Maduro se transformó en un dictador y está acusado seriamente de delitos contra la humanidad, pero nadie puede sospechar que un mandatario, Trump, que dispara misiles contra barcazas y coquetea con supremacistas de su país tiene alguna intención real de combatir el narcotráfico ni los abusos de los derechos humanos. Qué decir de Milei, gozador patológico con los apaleamientos a jubilados y familiares de discapacitados, y negacionista del terrorismo de Estado.
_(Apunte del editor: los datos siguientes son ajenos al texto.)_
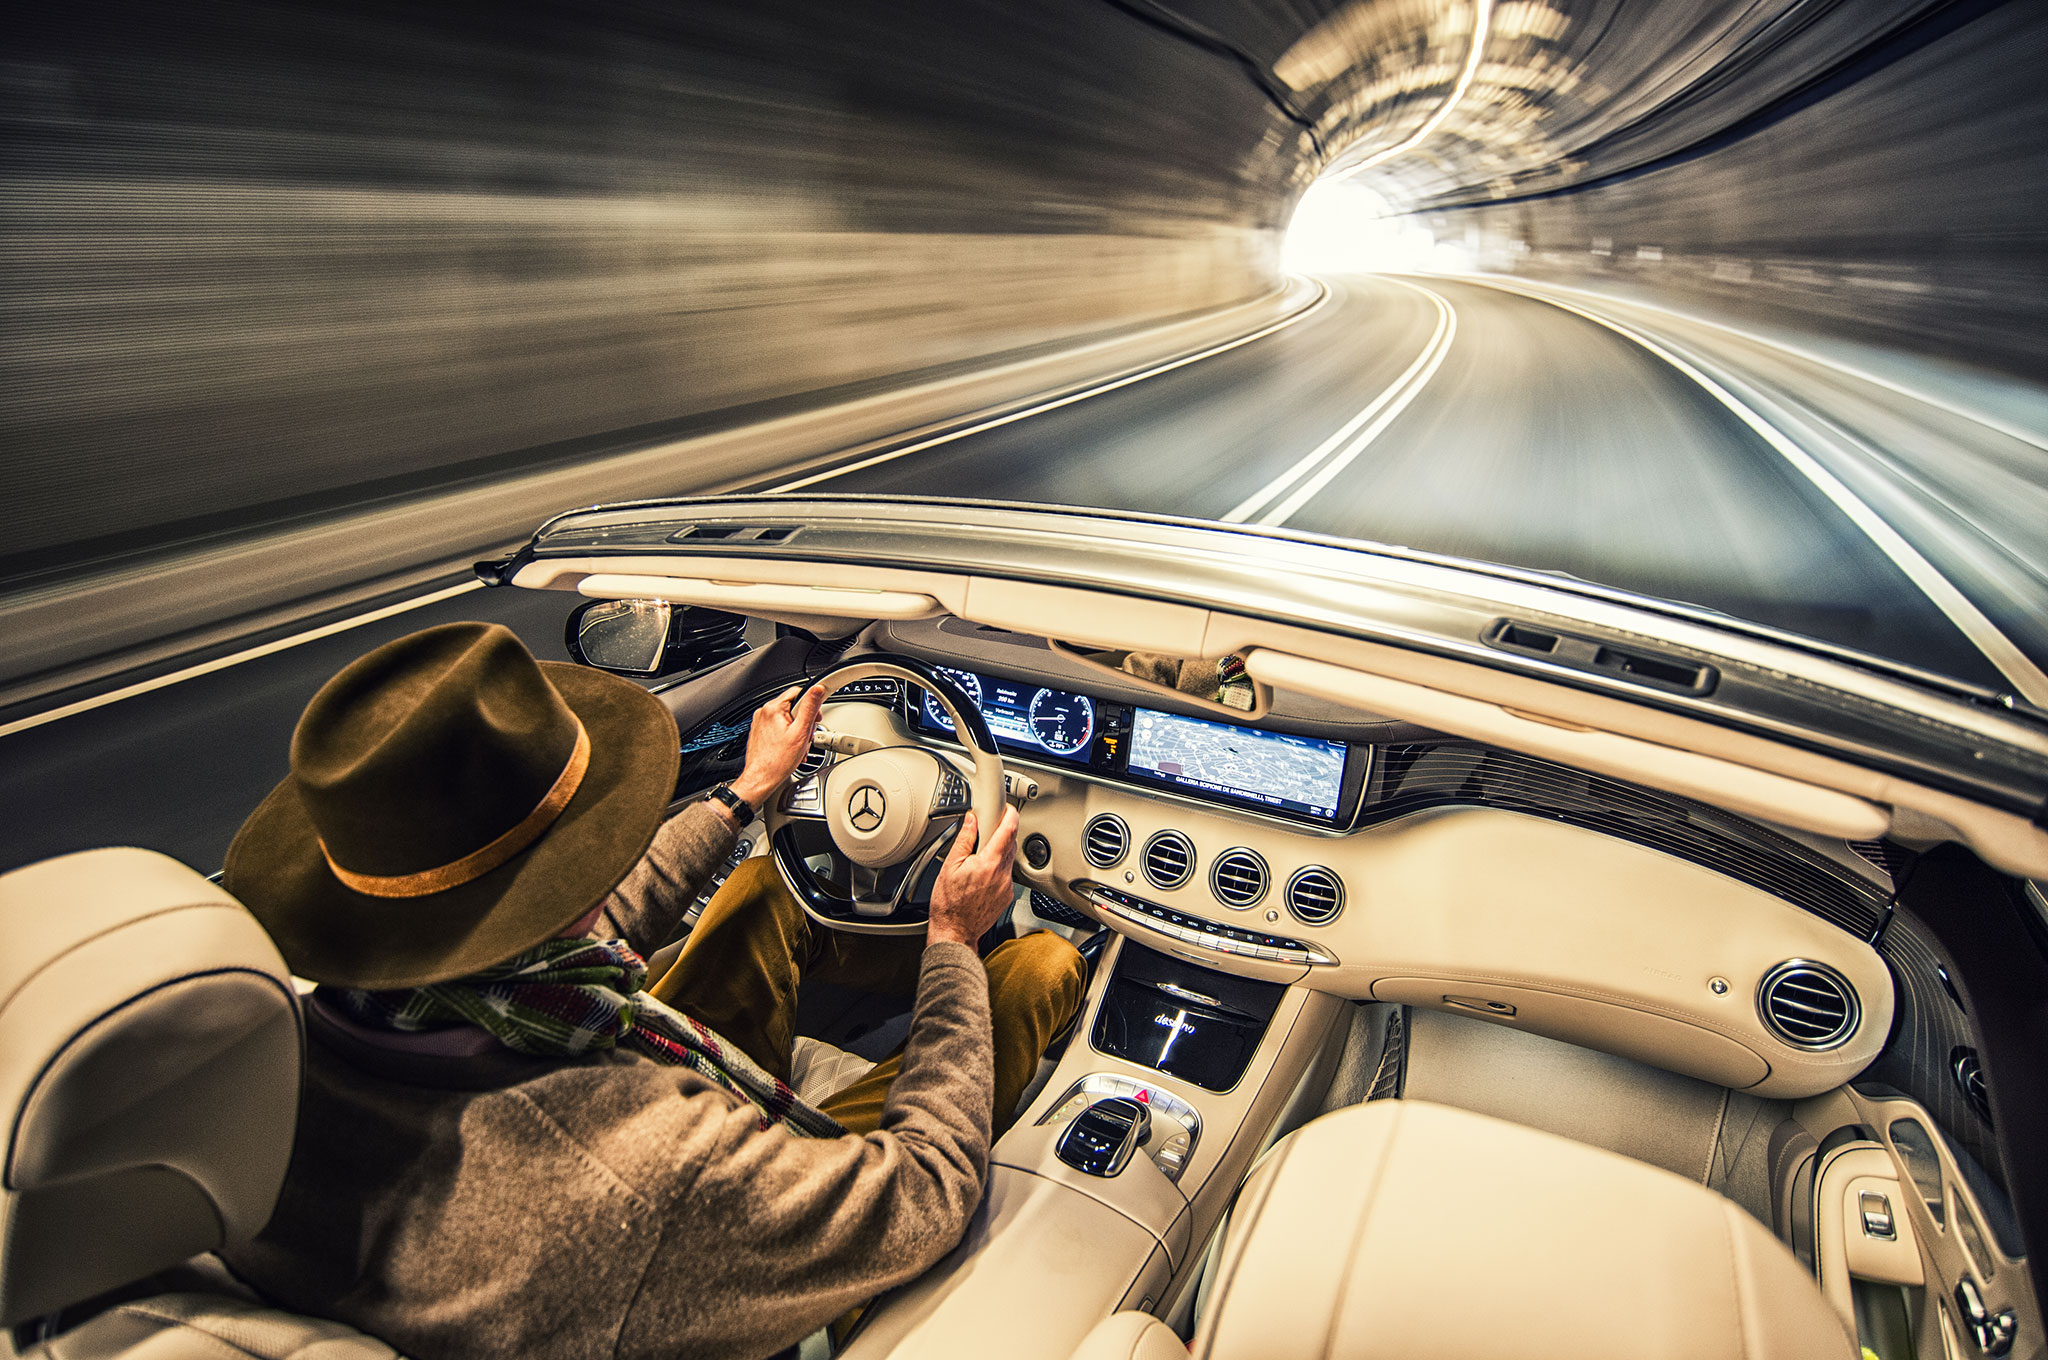 2017 Mercedes Benz S500 Cabriolet Review

El Presidente y los suyos entraron en éxtasis ayer por la mañana. Agustín Romo, presidente del bloque de La Libertad Avanza (LLA) en la Cámara de Diputados de la provincia de Buenos Aires y uno de los fieles de mayor peso de gurú Santiago Caputo, se sintió poseído por un protagonismo hollywoodense para explicar la razón real del ataque de Trump a Venezuela. “Why? Because we fucking can. And if we can, we do” (“¿Por qué? Porque podemos, carajo. Y si podemos, lo hacemos”). Su segundo mensaje fue contra Axel Kicillof. “Sos un zurdo hijo de puta que defiende dictadores, asesinos y narcotraficantes. No metas a los bonaerenses en tu mierda, forro”, posteó el jefe de la oposición de la principal provincia argentina ante la condena del gobernador de Buenos Aires a la intervención armada estadounidense.

No se trató de un arrebato circunscripto a un integrista católico enardecido como Romo. Pablo Quirno, veterano del JP Morgan, ahora ocupa el cargo de canciller. También se dirigió a Kicillof a través de un reposteo. “Ya que les gusta tanto el derecho, empezá por cerrar bien el orto, enano comunista”.

La brutalidad de la época avergüenza, pero la historia demostró que no concluye en sus destellos más revulsivos. (04-01-26).